→ Your goal:
Reproduce everything from the line that contains "Three Dogs Custom Apparel" down to the line that contains "Old beautiful metallic bell on a wall" in the listing below, word for word and nothing more. Leave the pictures out.

→ Records shown:
== Segment start ==
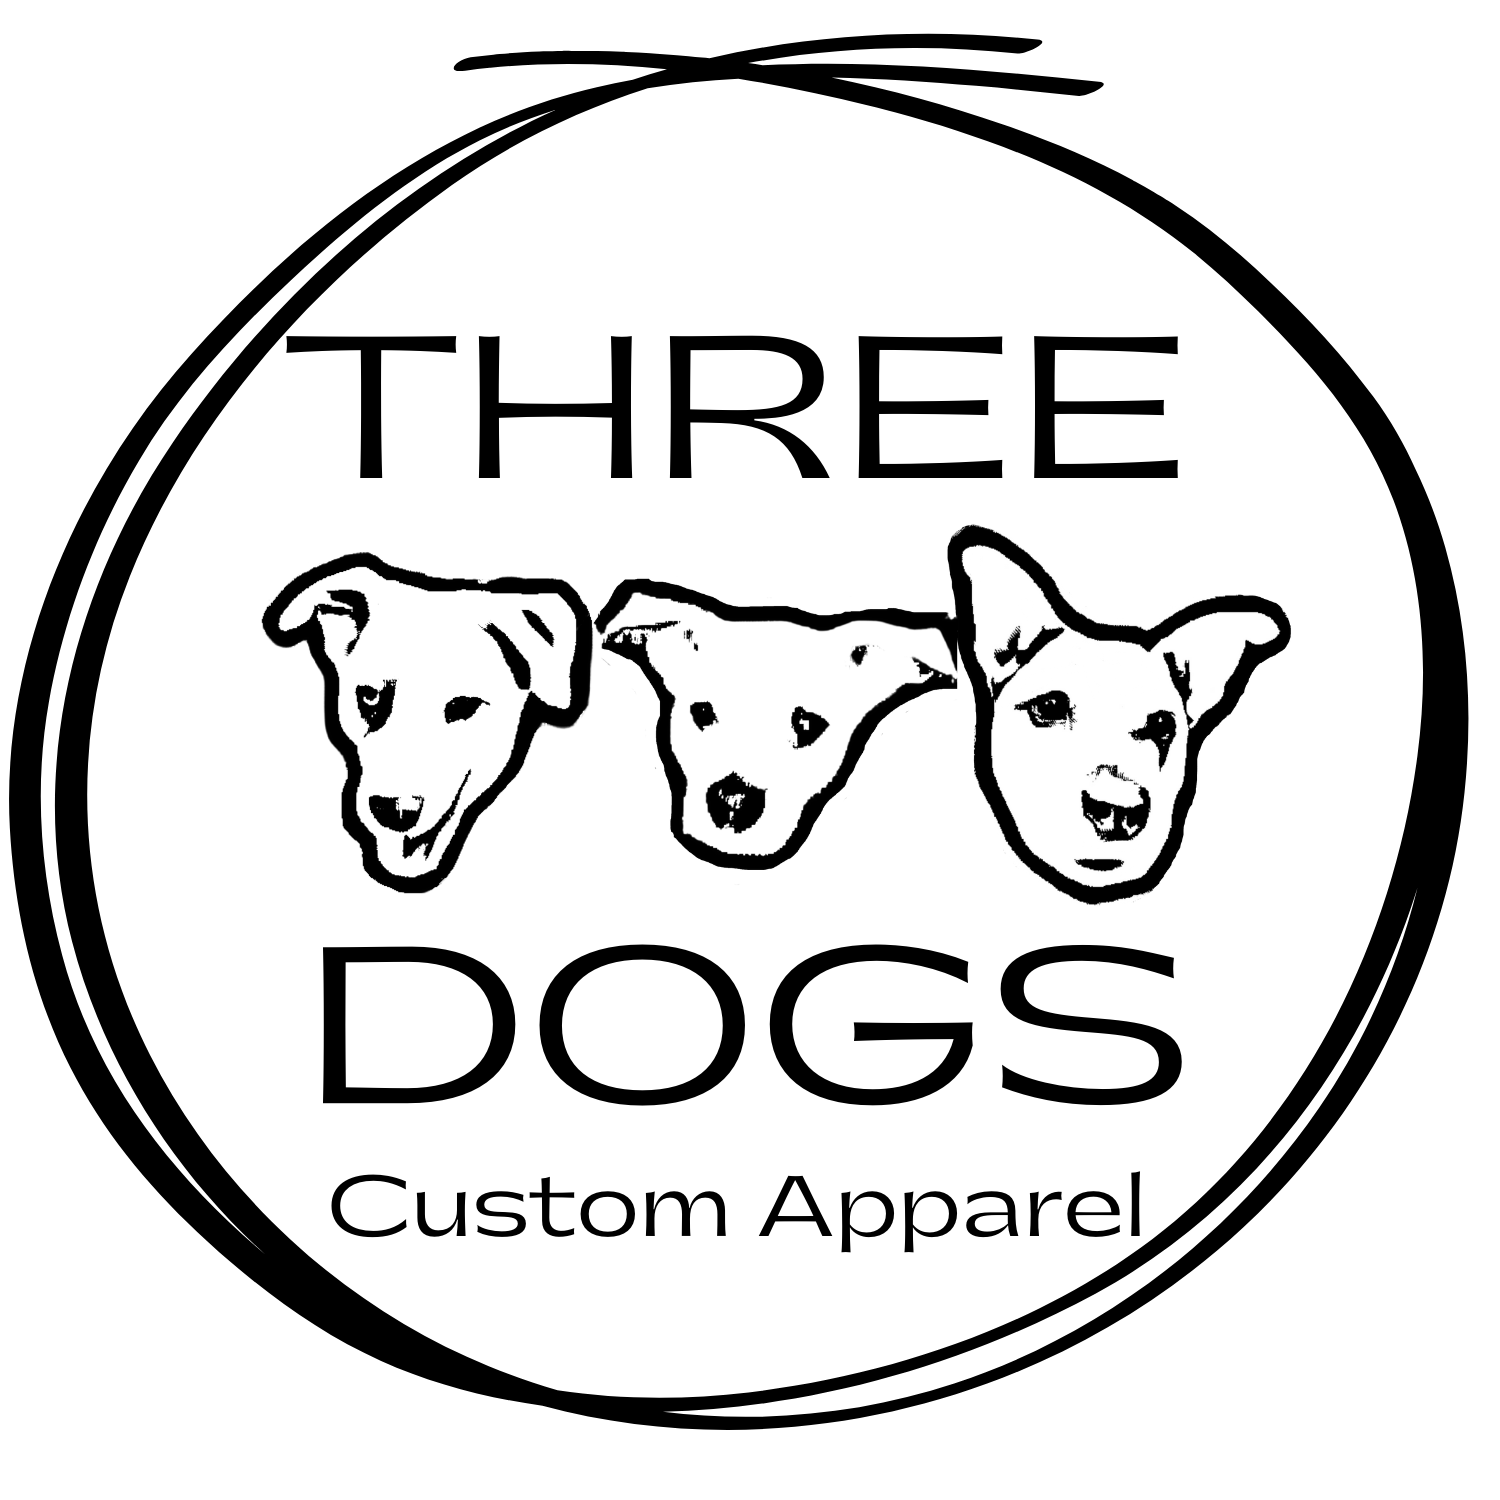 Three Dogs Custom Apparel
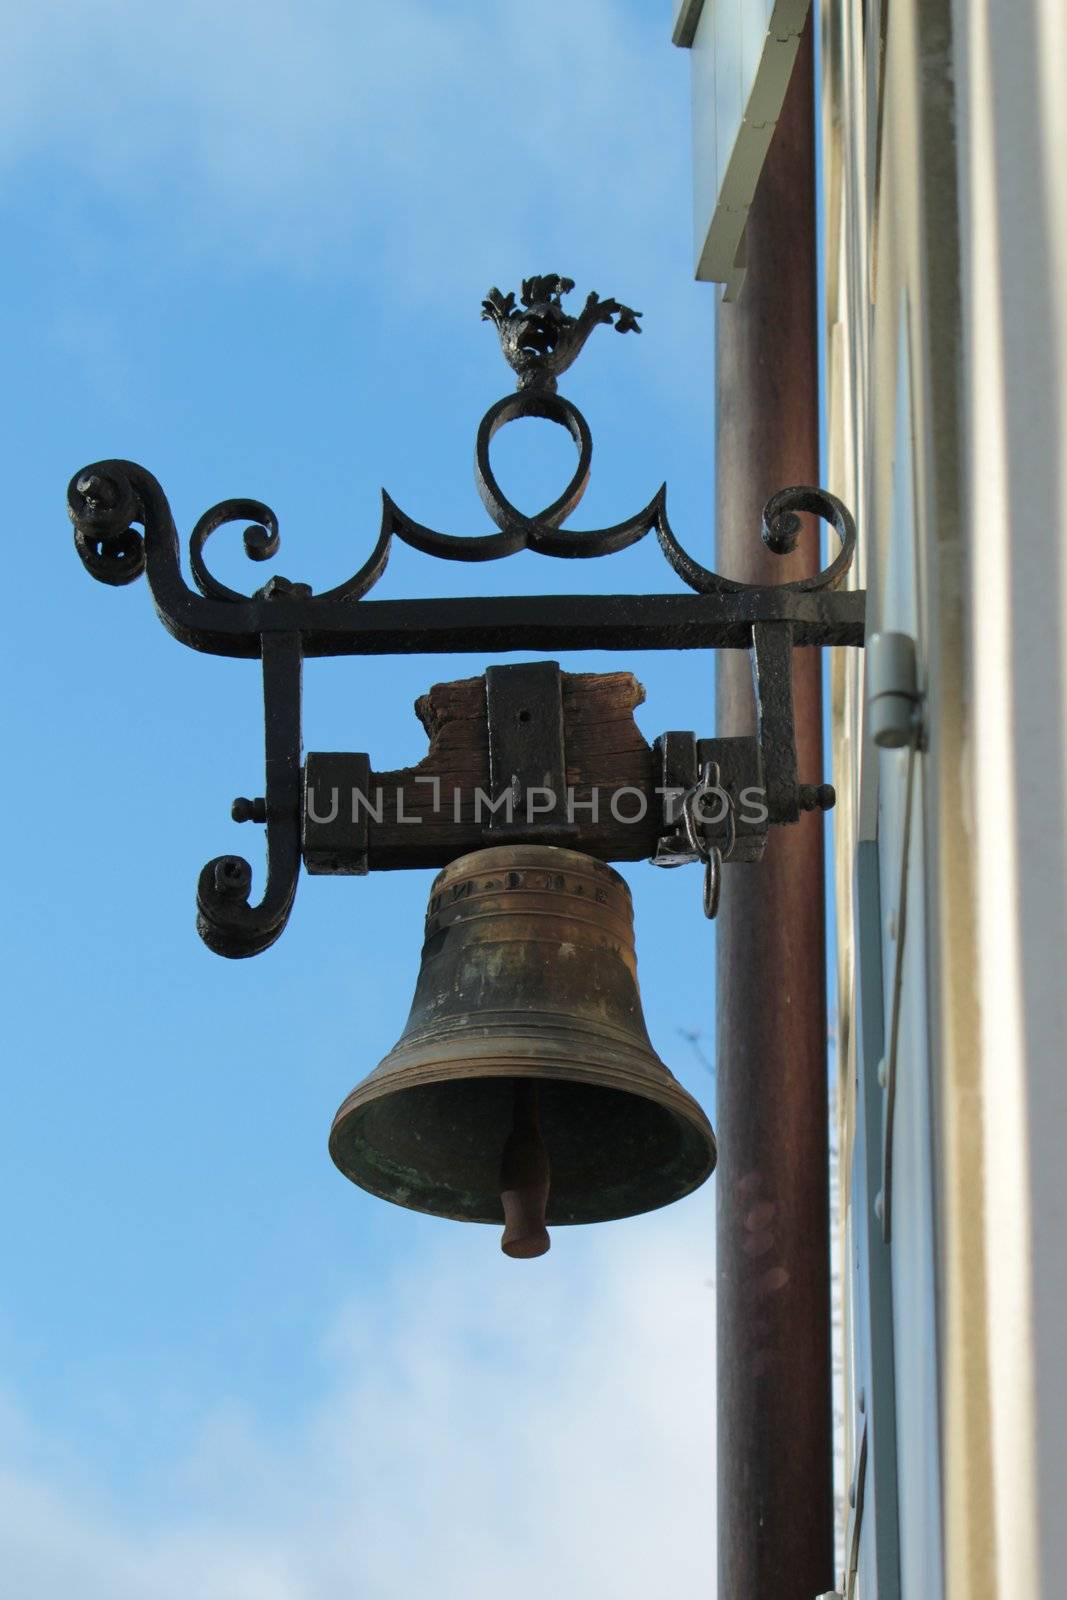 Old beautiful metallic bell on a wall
== Segment end ==
== Segment start ==
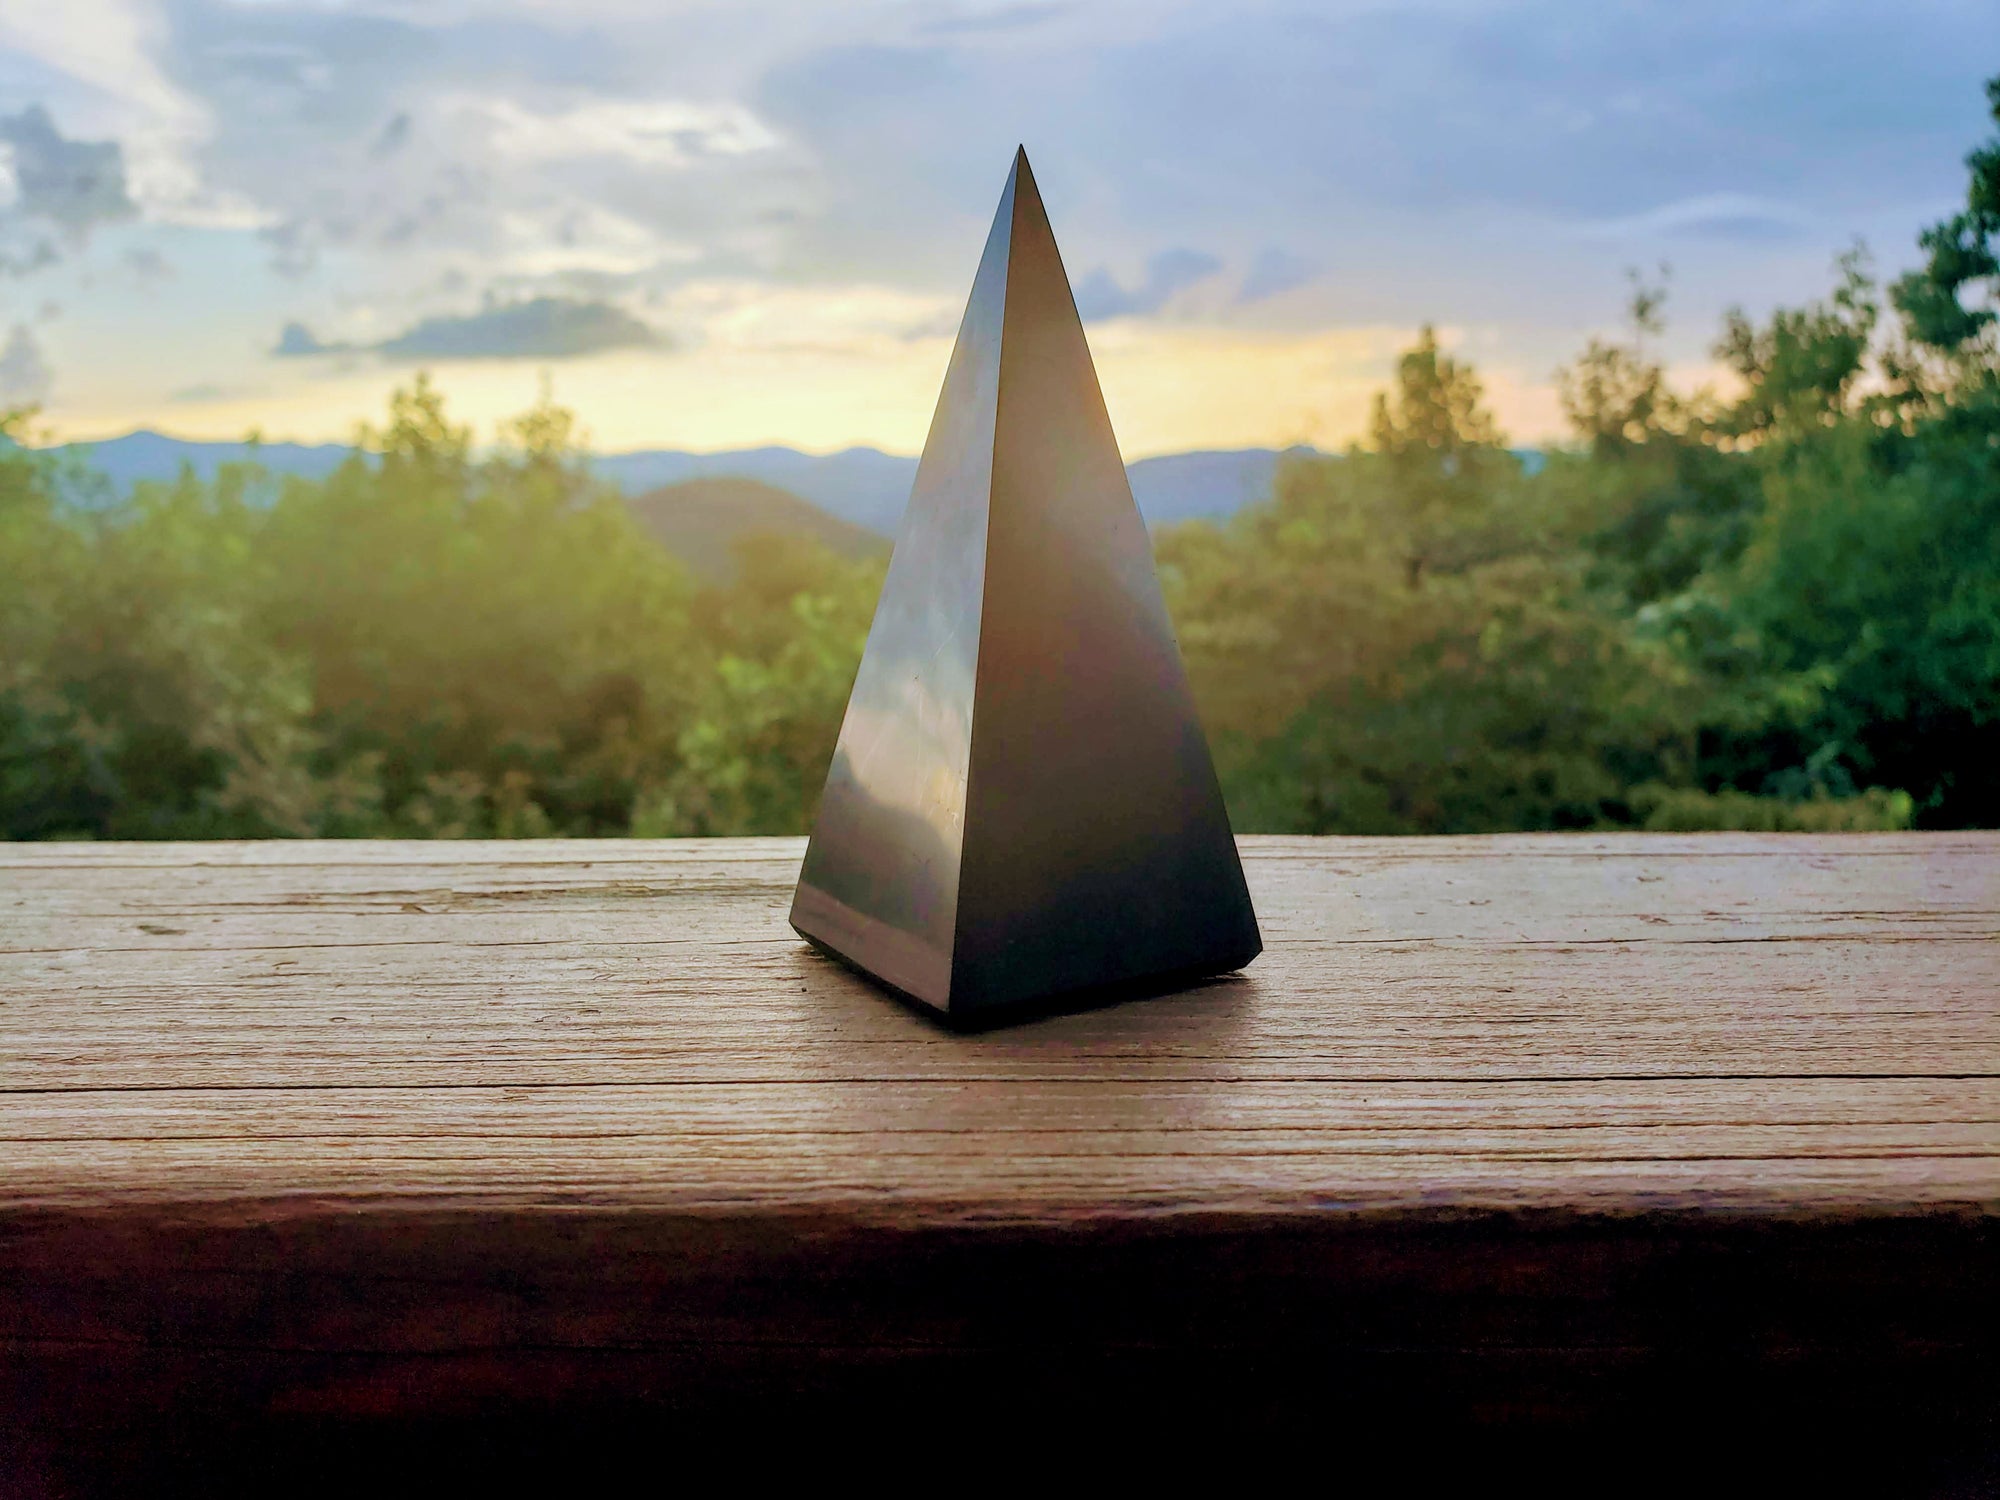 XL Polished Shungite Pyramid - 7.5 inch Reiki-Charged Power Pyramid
== Segment end ==
→ Solution for this task:
 Three Dogs Custom Apparel
 Old beautiful metallic bell on a wall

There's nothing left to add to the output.